Me Moan's guttural title is quite potent–"moan" being an uncontrollable, visceral outburst–considering how Gibson's maverick style sounds so rich and unafraid. AD had the pleasure of chatting with Gibson over the phone about the altered states, the mysterious, the alien, and Me Moan.

Aquarium Drunkard: What was it like the second time around? What was different?

Daughn Gibson: It was a lot harder. It was a lot of fun, it was very cathartic, and when I turned it in in February I was completely exhausted.

AD: Did you do it all by yourself or did you have people helping you or working with you in some way?

Daughn Gibson: I'd say a good two-thirds of it I laid the groundwork for at home. And then I brought it to a studio in Chicago with my friend Benjamin Balcom and we kind of just parsed through and subtracted stuff, added stuff, and made it come alive a little more.

AD: In most interviews and features on you, the word "country" comes up.

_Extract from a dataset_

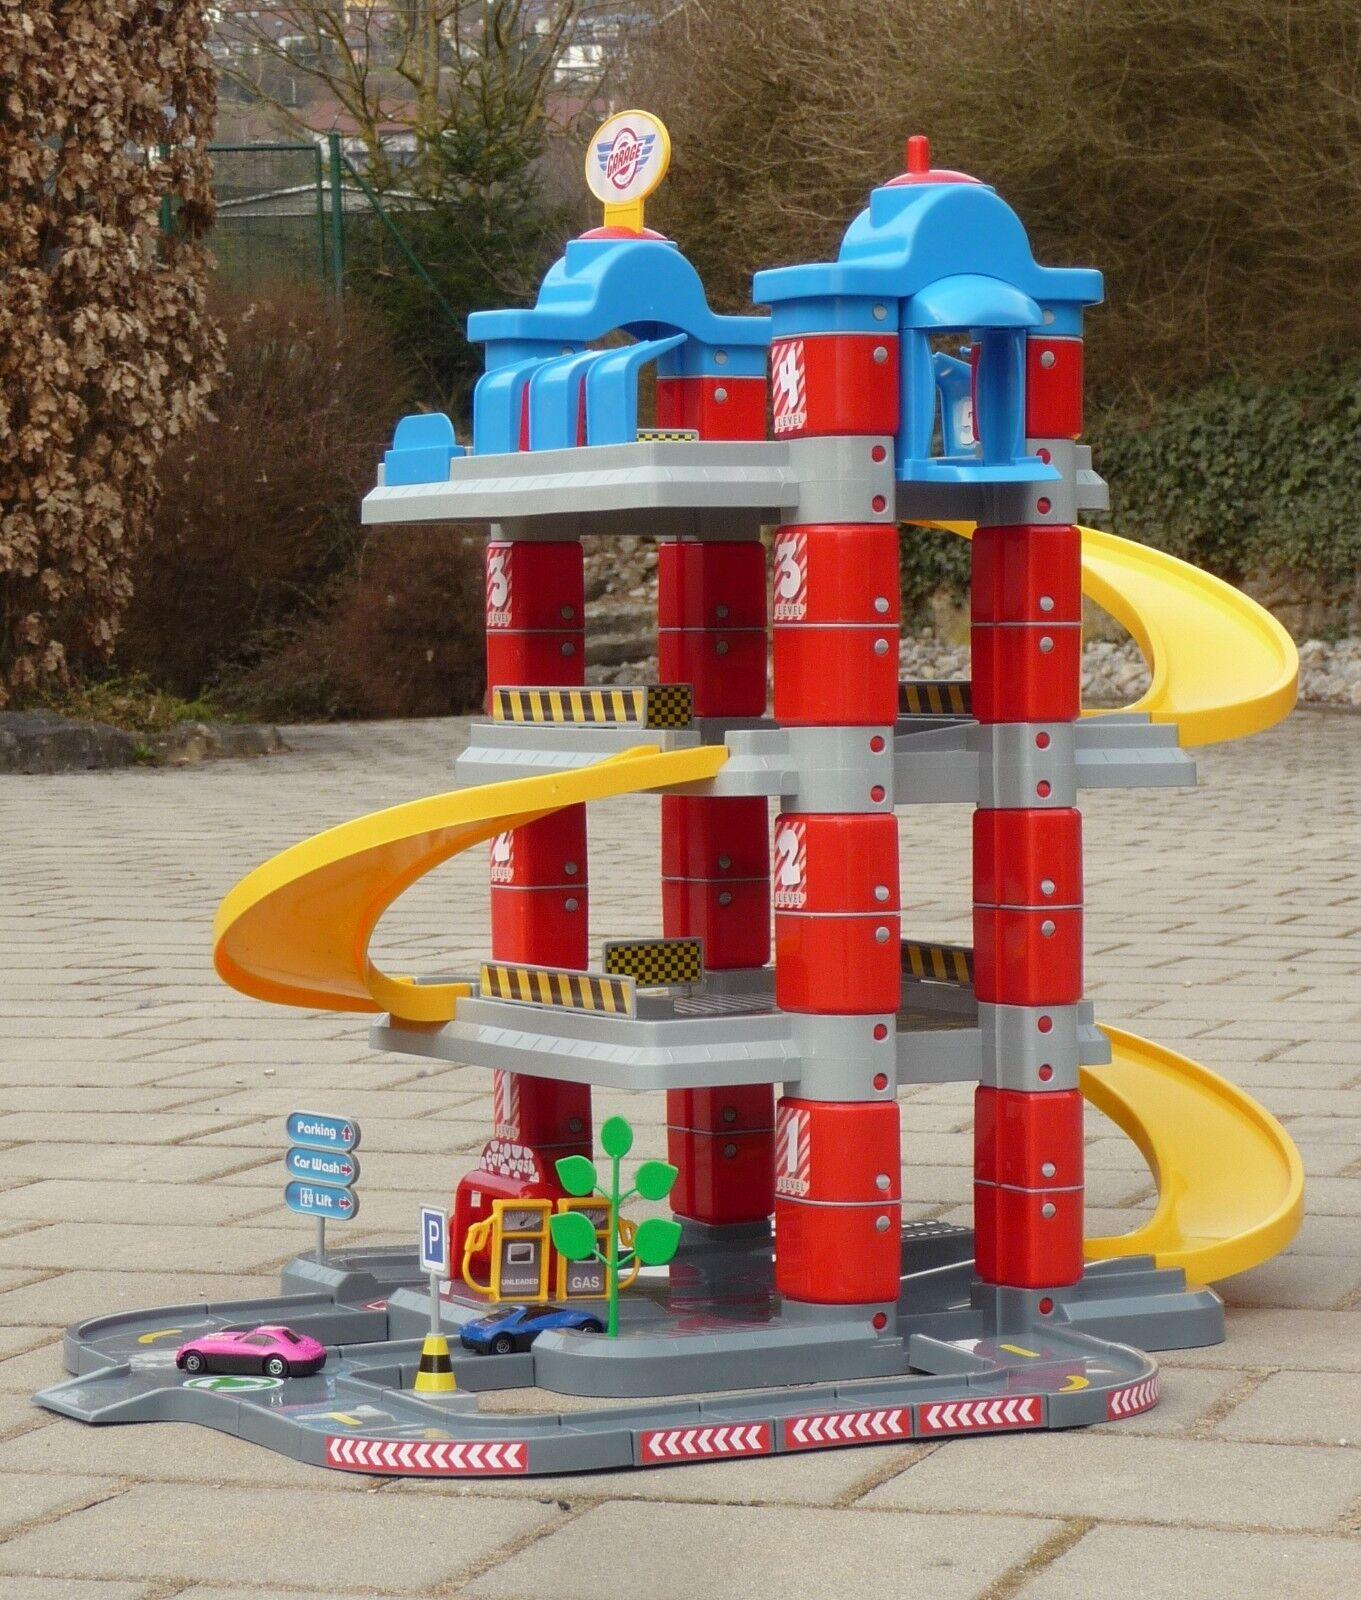 Kinder Spielzeug Garage Parkhaus Auto XL TOWER mit 4 ETAGEN in TOP QUALITÄT 5159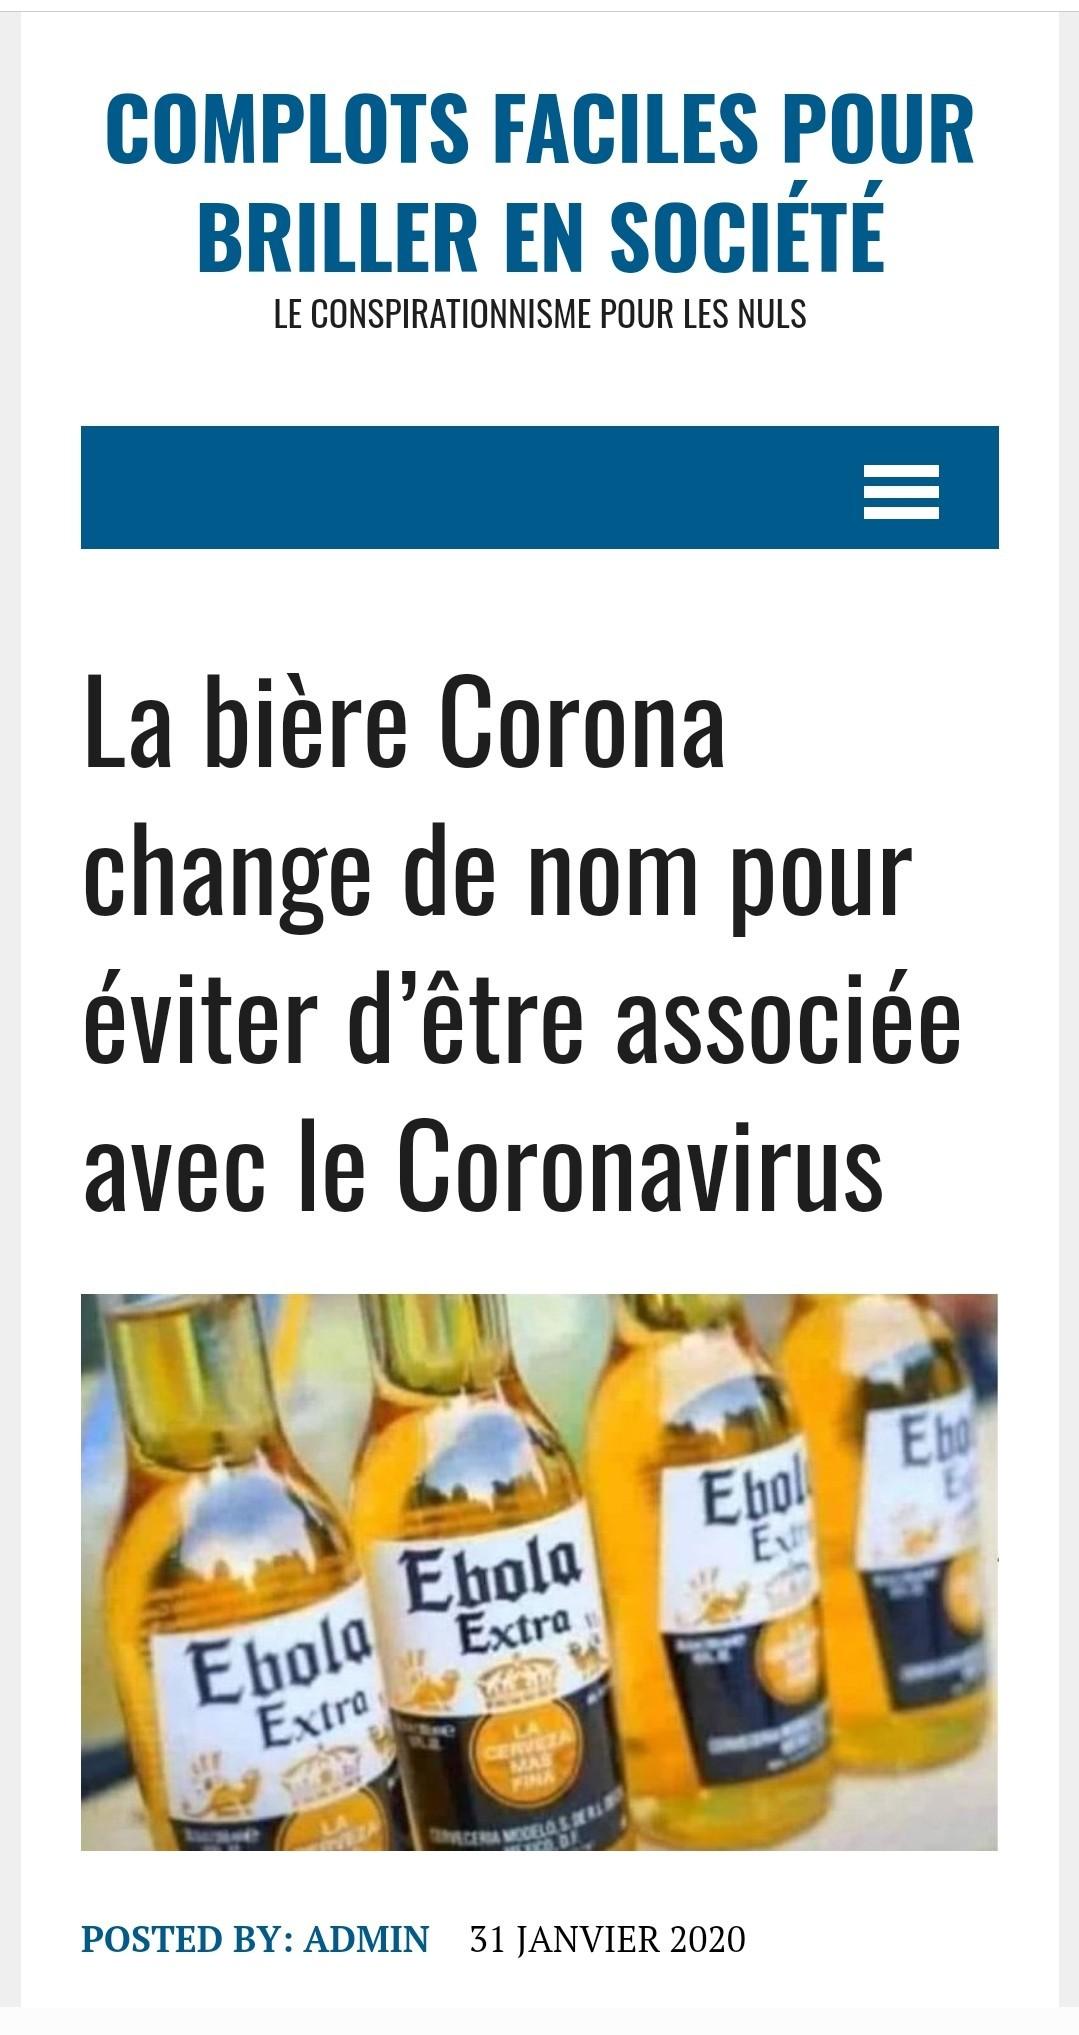 Je n'aime pas poster des articles mais il fallait que je leur fasse de la pub (et que je surfe sur le coronavirus moi aussi, non ? X)) - meme

I get that Nashville isn't calling you up to play at the Opry, but do you feel like you have something to do with country music as a genre, at least figuratively-speaking?

Daughn Gibson: I think moreso than any other genre or any other personality of music, I think I definitely do. And only because I can relate to the stories more than what's typical of rock or hip hop. When I'm writing, it's not completely natural for me to write country music, and mostly because I came up listening to punk and hardcore and stuff and playing in slower metal bands. But it definitely, when I'm finished with a song, it feels so good to have gone through the process of it and add a backdrop to lyrics. I guess that's the challenge for me in every song.